Two years later, the UK and Australia abruptly pulled the NSAID lumiracoxib (Prexige) when they discovered that some patients taking it were suffering from severe liver damage as a result; indeed, some patients even required liver transplants. And last year, the drugs regulators reviewing diclofenac-based NSAIDs moved them from the OTC category to prescription-only.

NSAIDs’ risk to kidneys is also well known to regulators. A recent pooled analysis of five earlier studies confirmed that NSAID use significantly increases the risk of acute kidney injury.2 They’ve also been linked to hearing loss in both men and women.3 And while there are conflicting results for NSAID dangers in pregnancy, some researchers have concluded that several NSAIDs can induce “spontaneous abortion.”4 The painkillers can also induce or exacerbate sinusitis and hives, and studies have shown they can increase allergic responses by 10 to 30 percent in asthma sufferers.

NSAIDs can make pain worse

Ironically, for those dealing with pain, NSAIDs may actually interfere with the body’s own painkilling machinery, the long-term effect of which is to sustain pain rather than eliminate it. This is exactly what happened to image-consultant Marino. When his gut problems forced him to stop taking NSAIDs, he noticed that, in less than a week, the headaches he’d been taking
the drugs for in the first place, for years, simply vanished.

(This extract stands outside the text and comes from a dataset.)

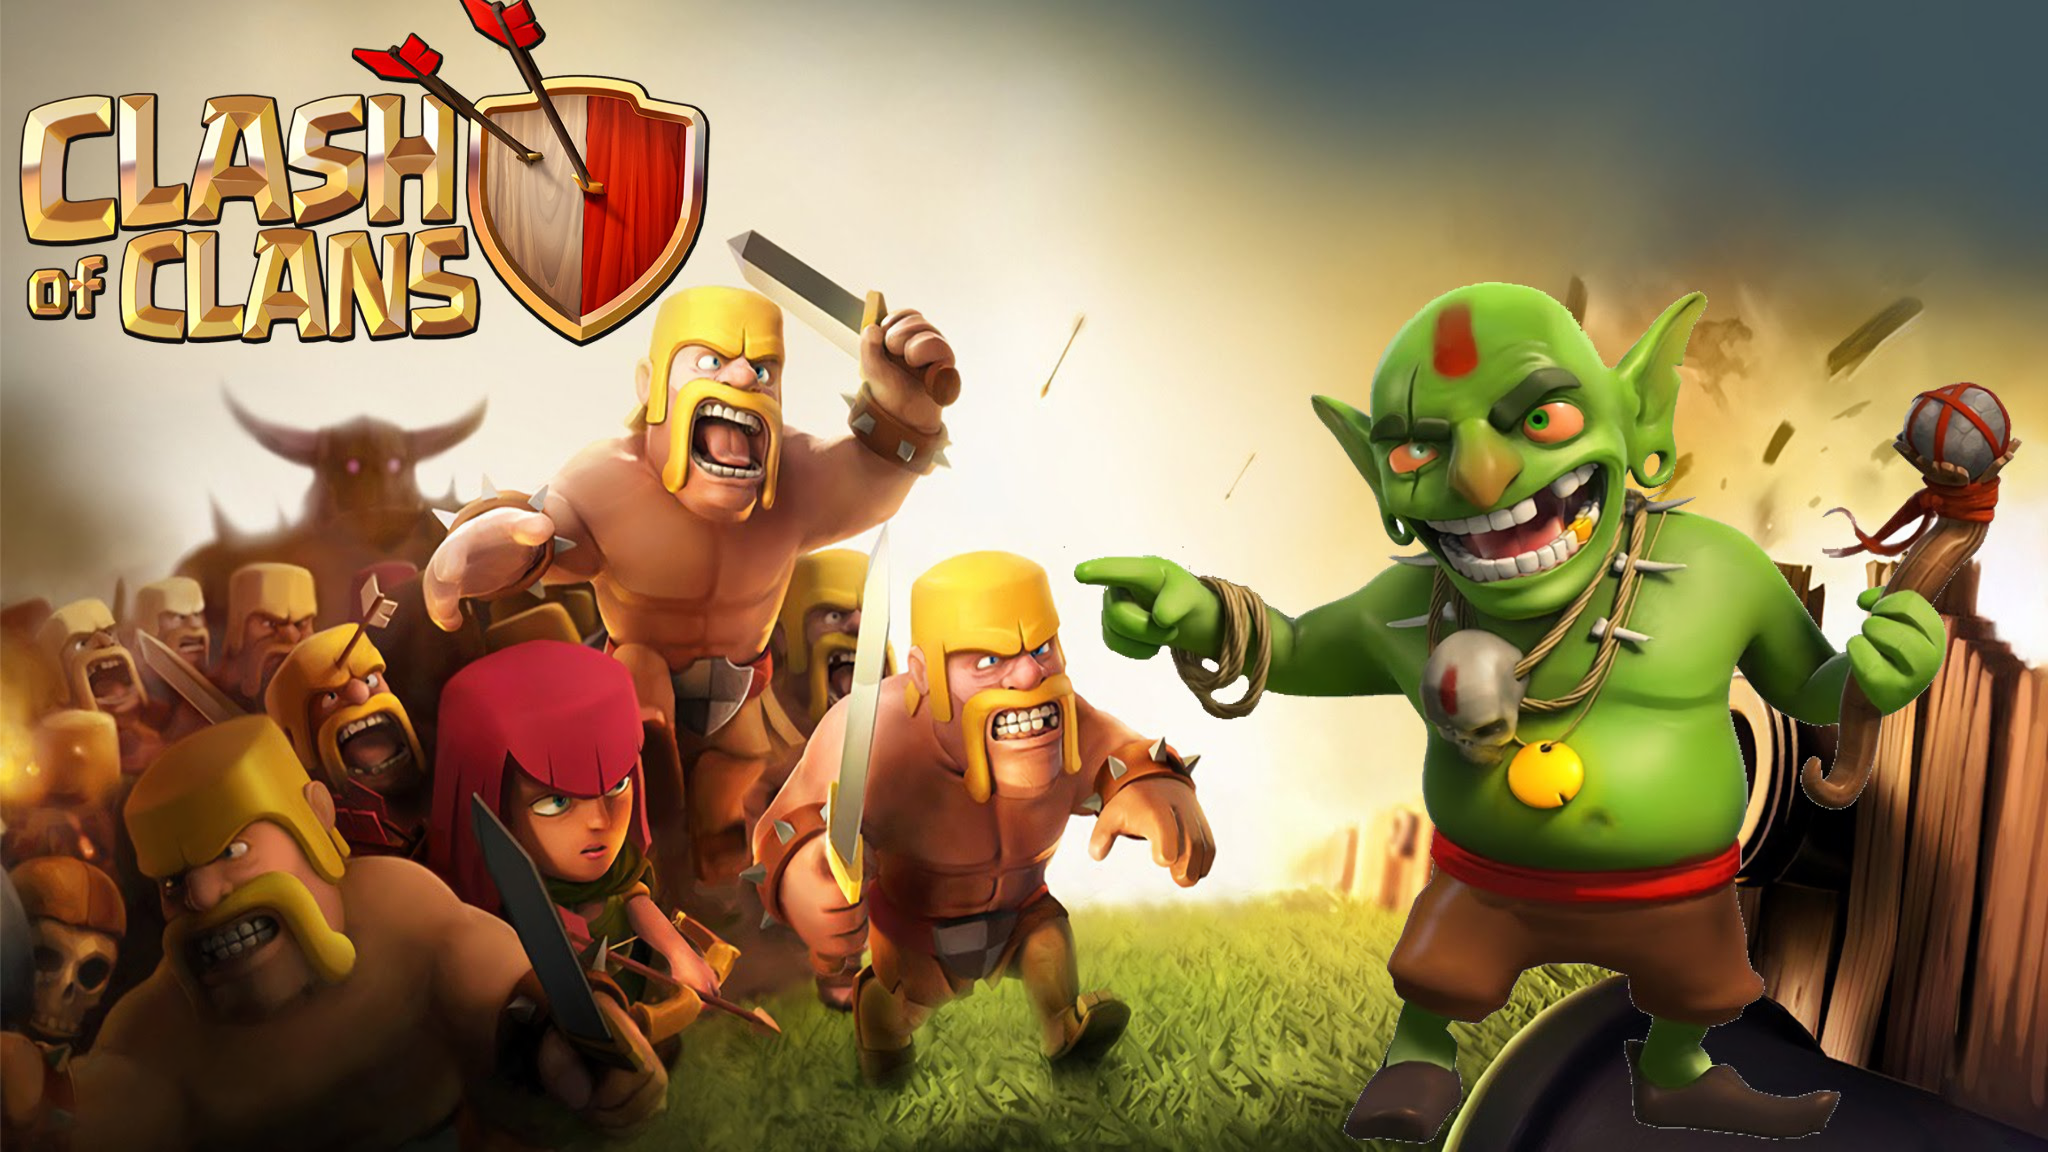 521992 1920x1080 clash of clans images for desktop background Rare Gallery HD Wallpapers

“NSAIDs are not truly addictive, but can make you dependent,” explains pain-expert Kaplan. “Regular use, three times or more a week of NSAIDs and Tylenol [not an NSAID, but acetaminophen/paracetamol] can suppress the body’s own natural pain-relieving system. The result can be rebound pain when you stop the medication because your own pain-relieving system has been suppressed. Over time, when you stop the medications, your own system kicks back in and the pain goes away. The problem has been well documented in people with chronic headaches. In some people with chronic headaches, all we need to do to fix the headache is to get them to stop taking NSAIDs and Tylenol for a few weeks, and the body will fix itself.”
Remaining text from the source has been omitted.